WORK INSTRUCTIONS: Return each line of the data below verbatim; pictures are to be left out.
*** Opening INFORMATION SHOWN ***
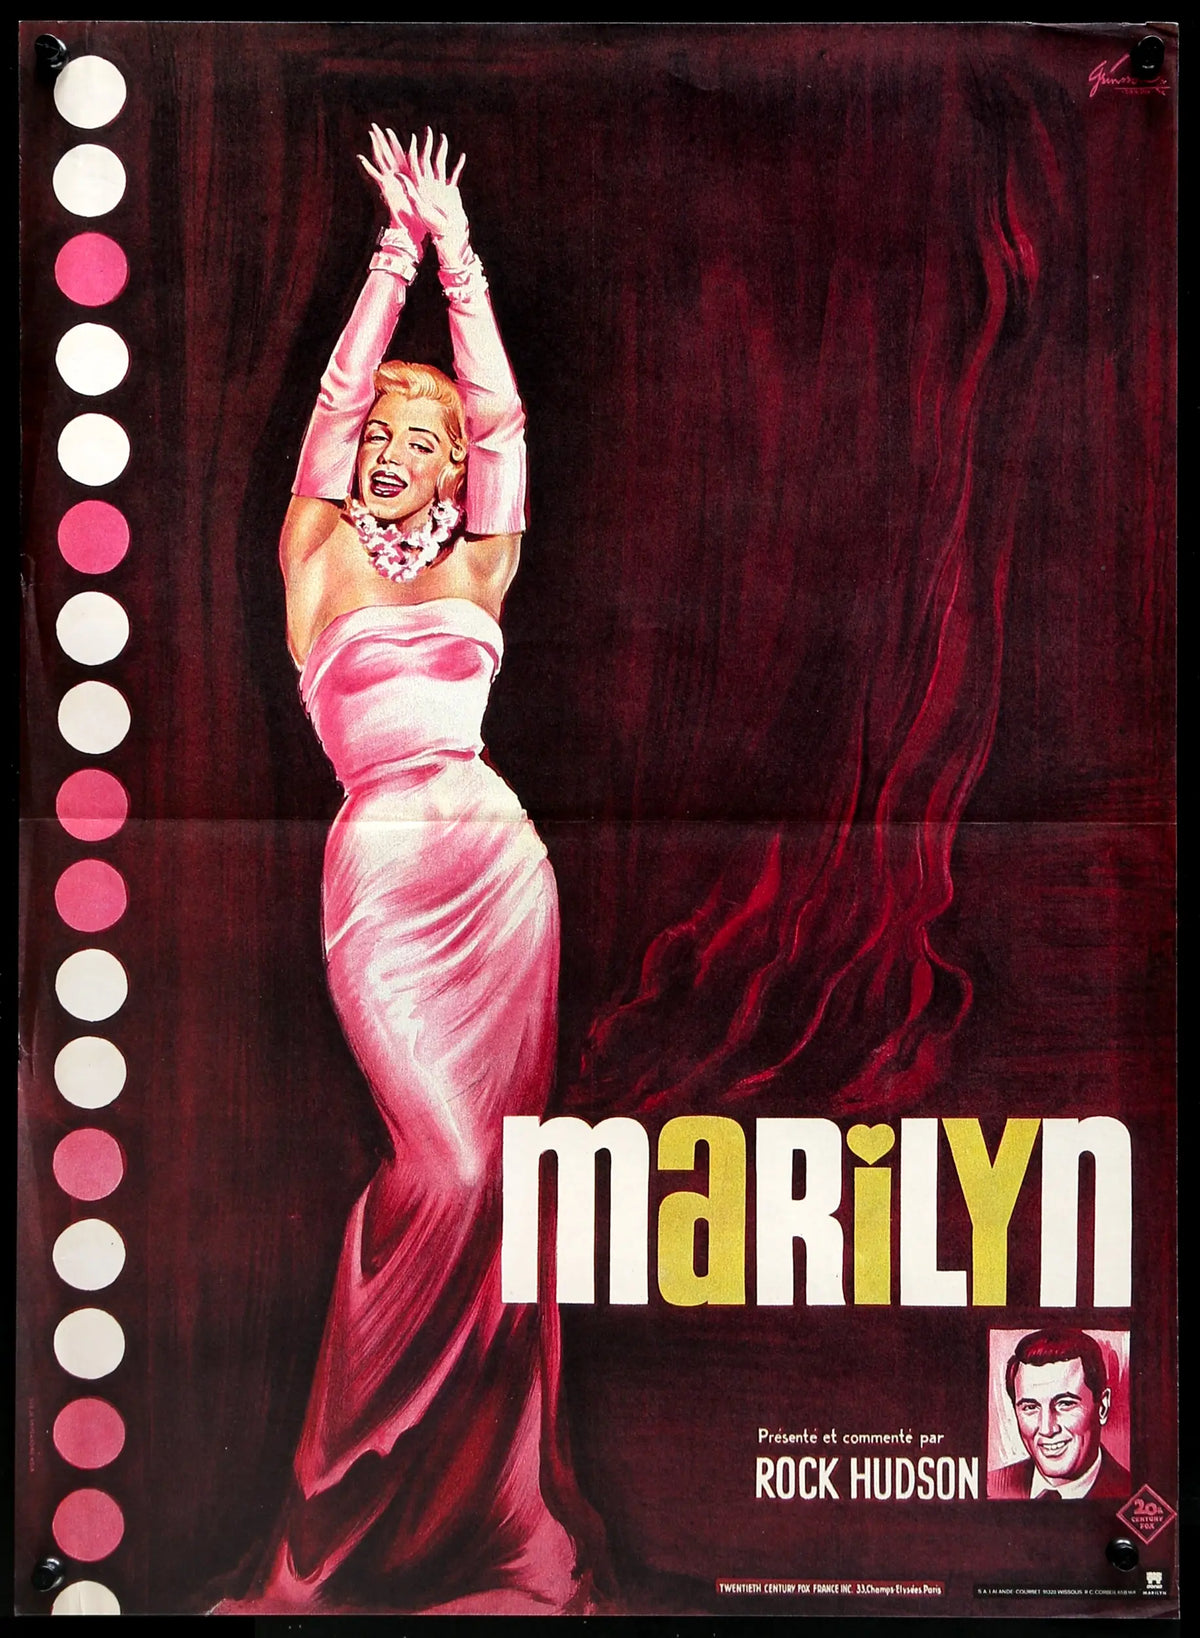 Marilyn (1963) original movie poster for sale at Original Film Art
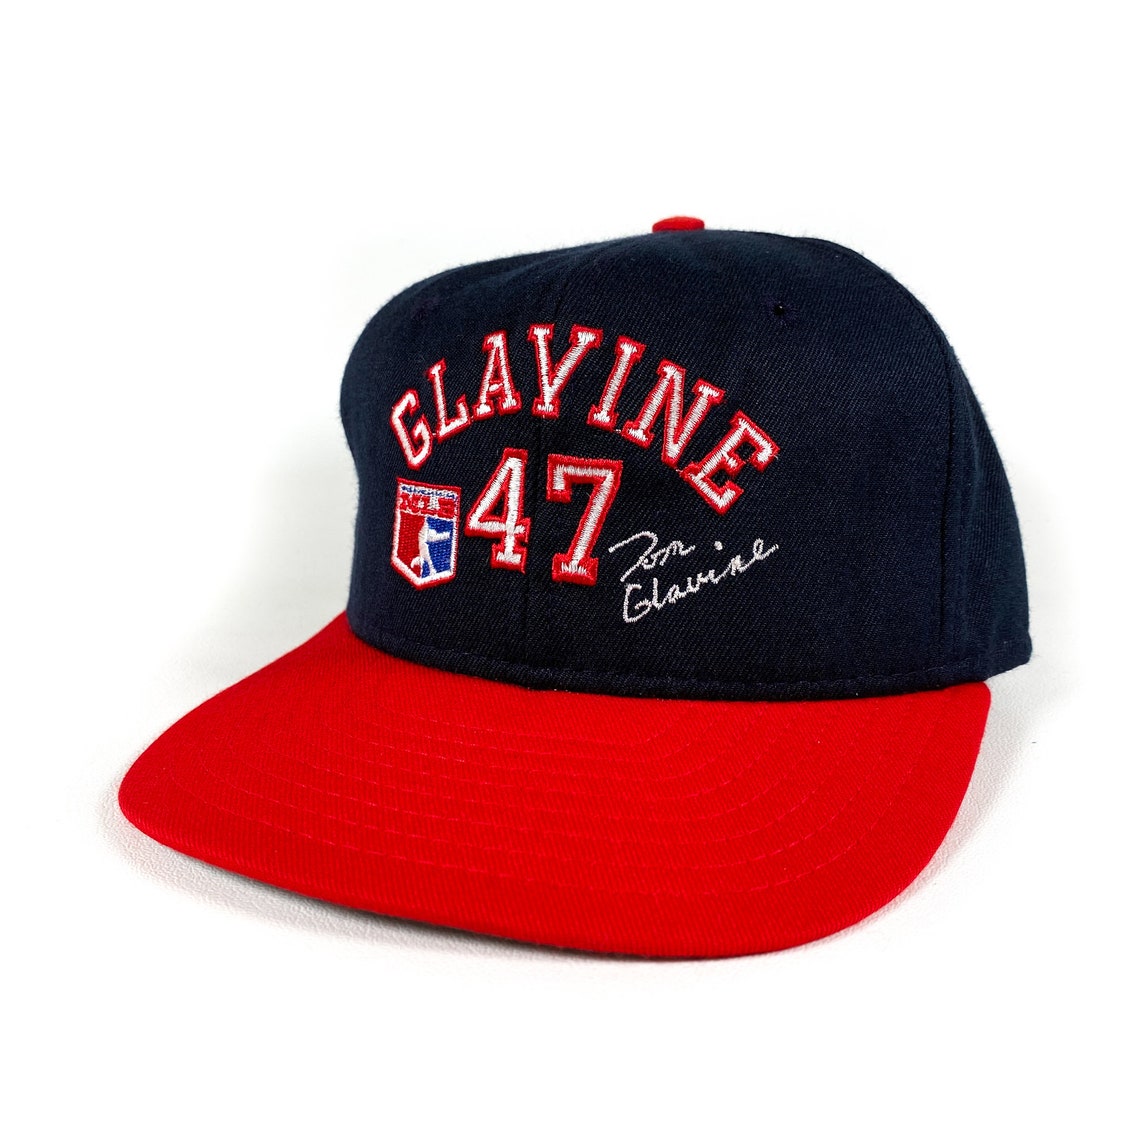 Vintage Atlanta Braves Glavine Hat 90s atlanta braves hat | Etsy
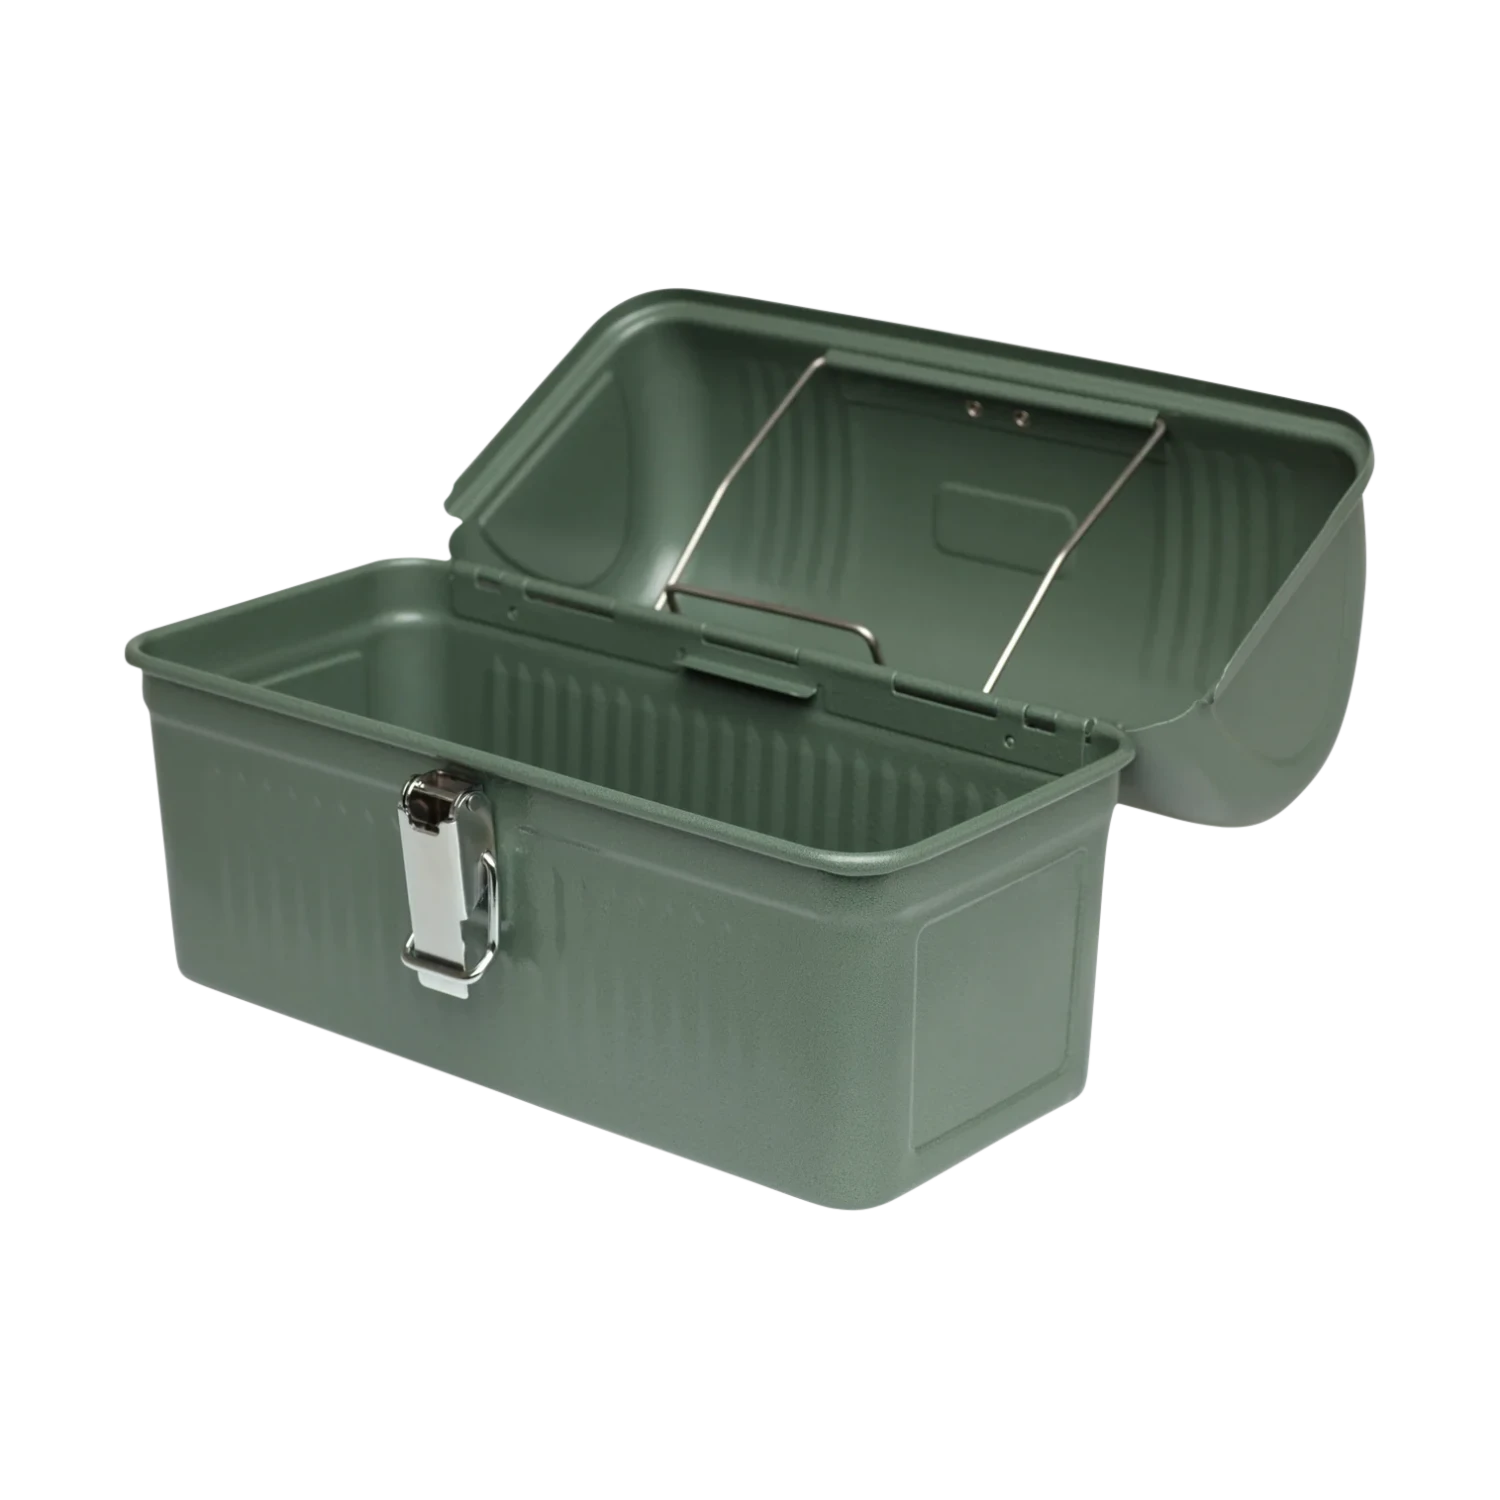 Stanley Classic Lunch Box 5.5 QT in hammertone green open
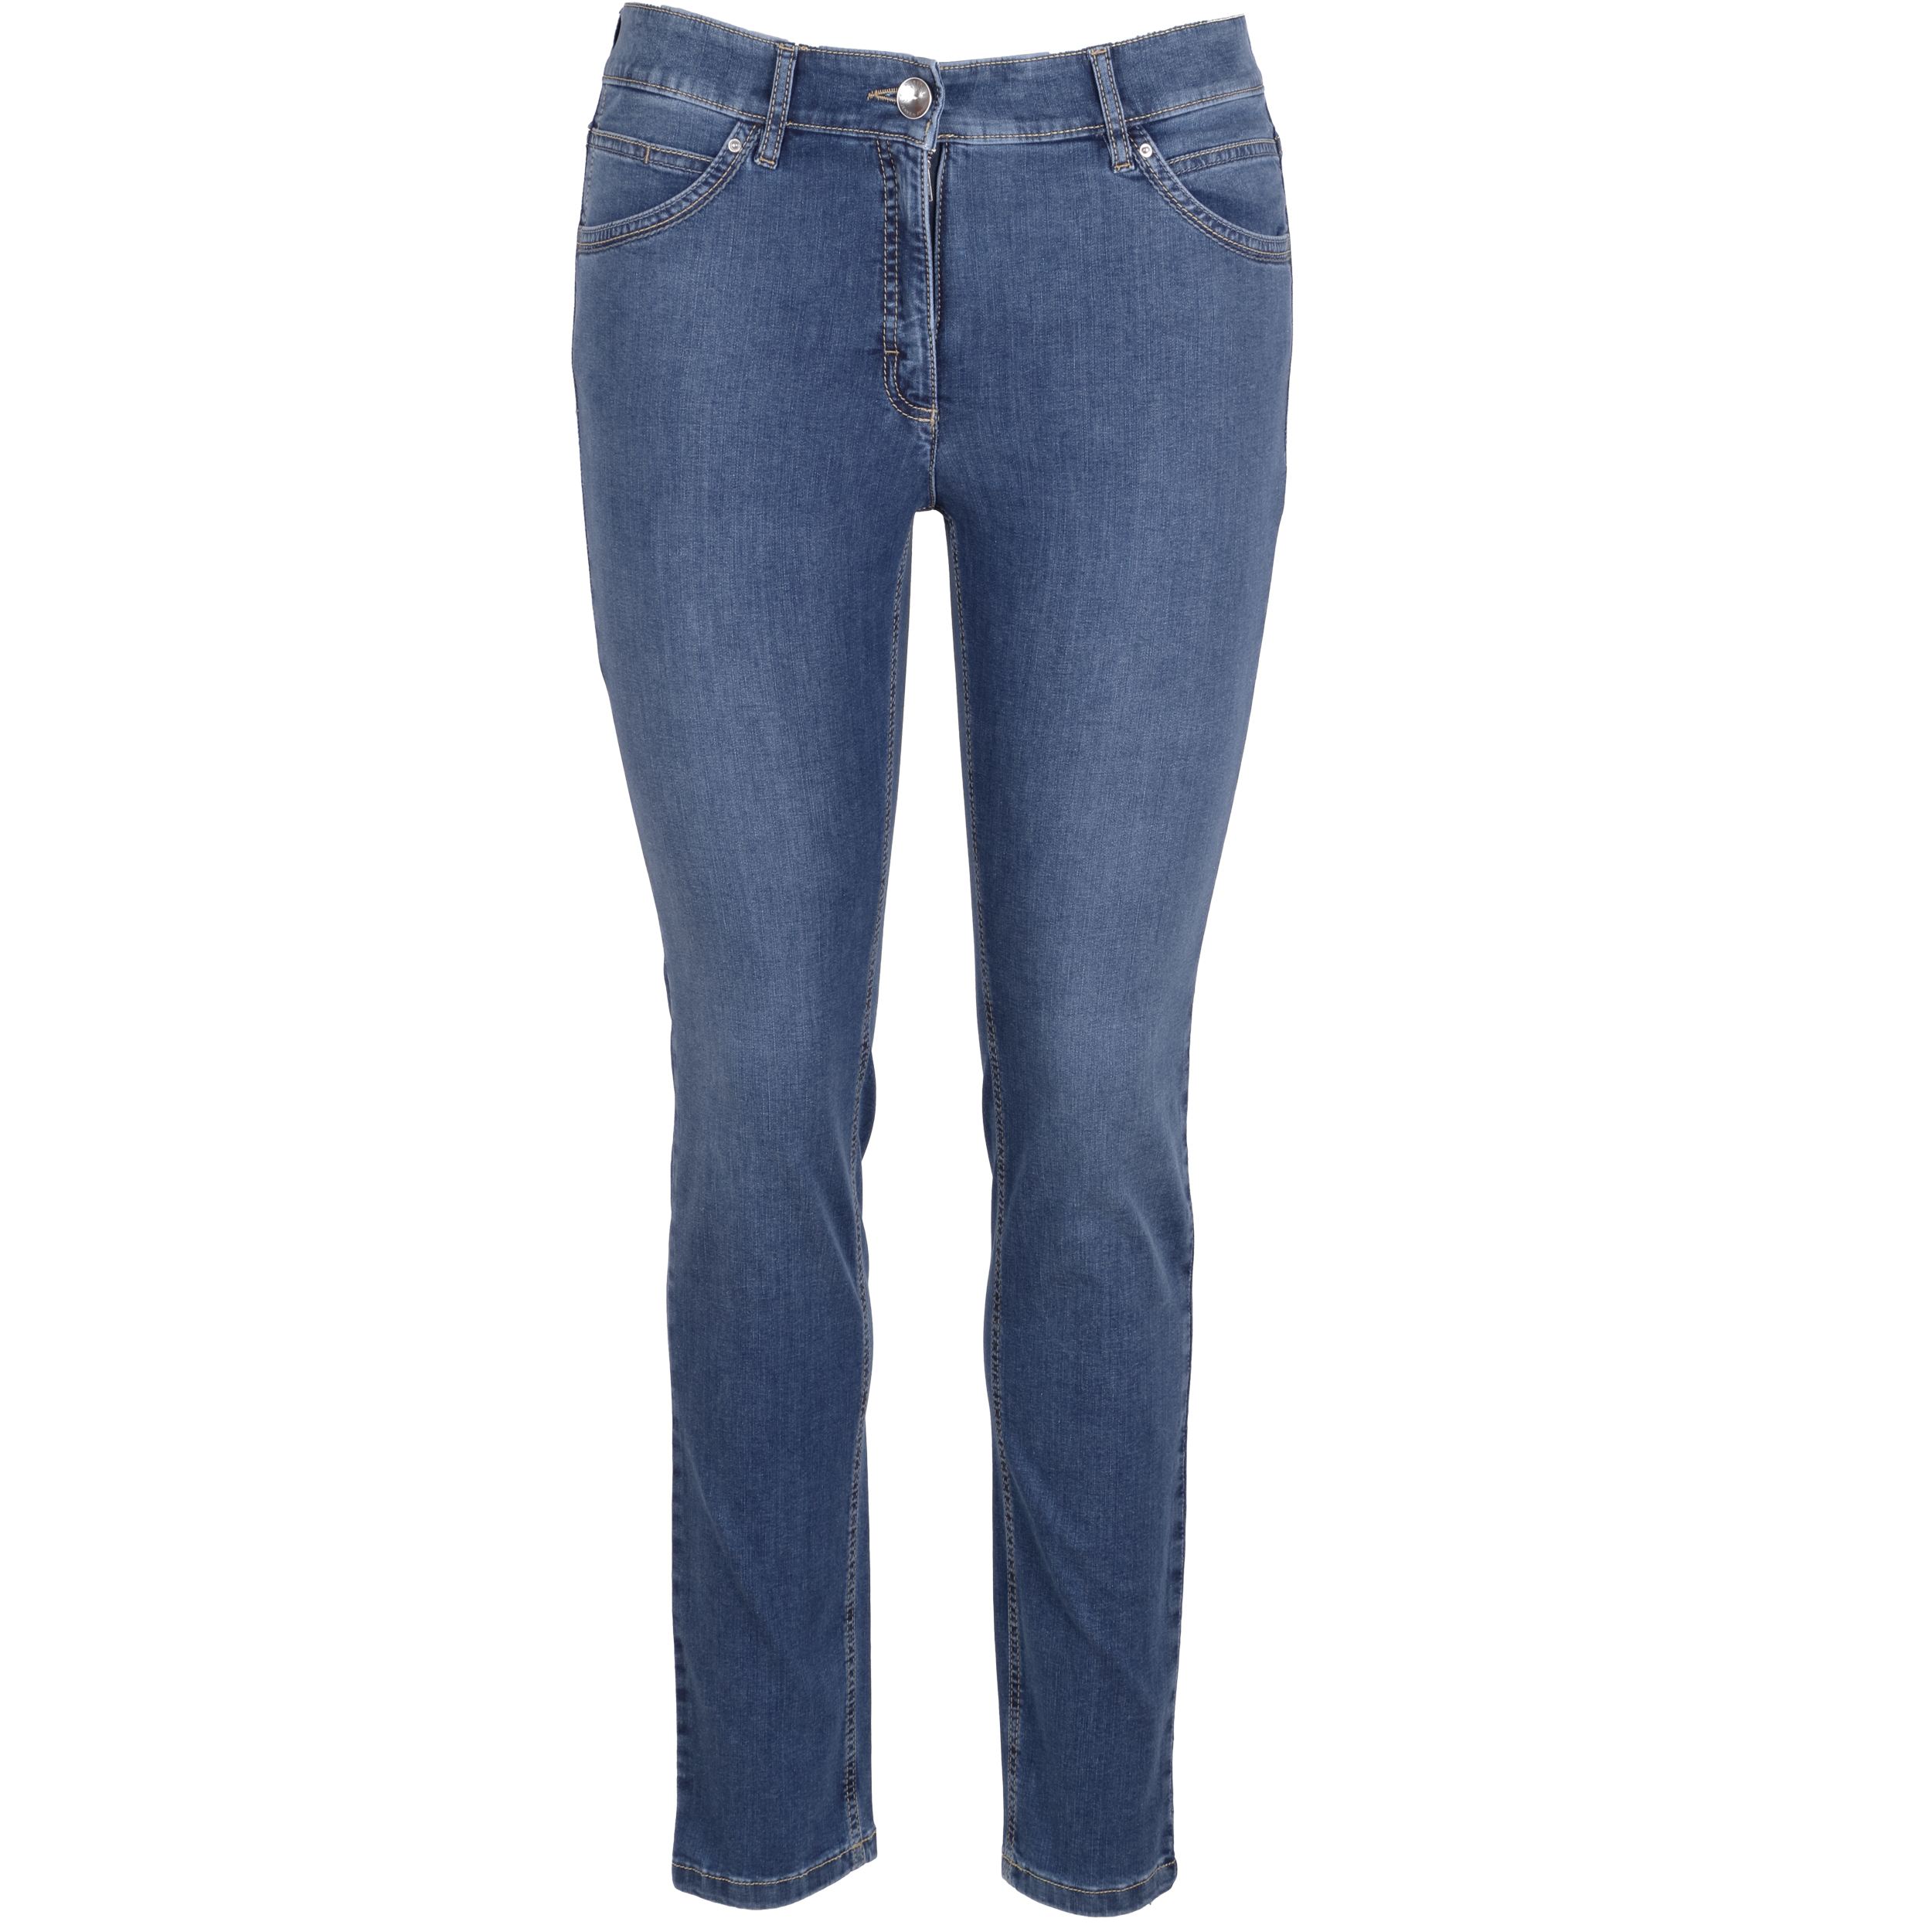 Zerres Damen Jeans Twigy Sensational  36 blau
*** Closing INFORMATION SHOWN ***
RESPONSE AREA:
 Marilyn (1963) original movie poster for sale at Original Film Art
 Vintage Atlanta Braves Glavine Hat 90s atlanta braves hat | Etsy
 Stanley Classic Lunch Box 5.5 QT in hammertone green open
 Zerres Damen Jeans Twigy Sensational  36 blau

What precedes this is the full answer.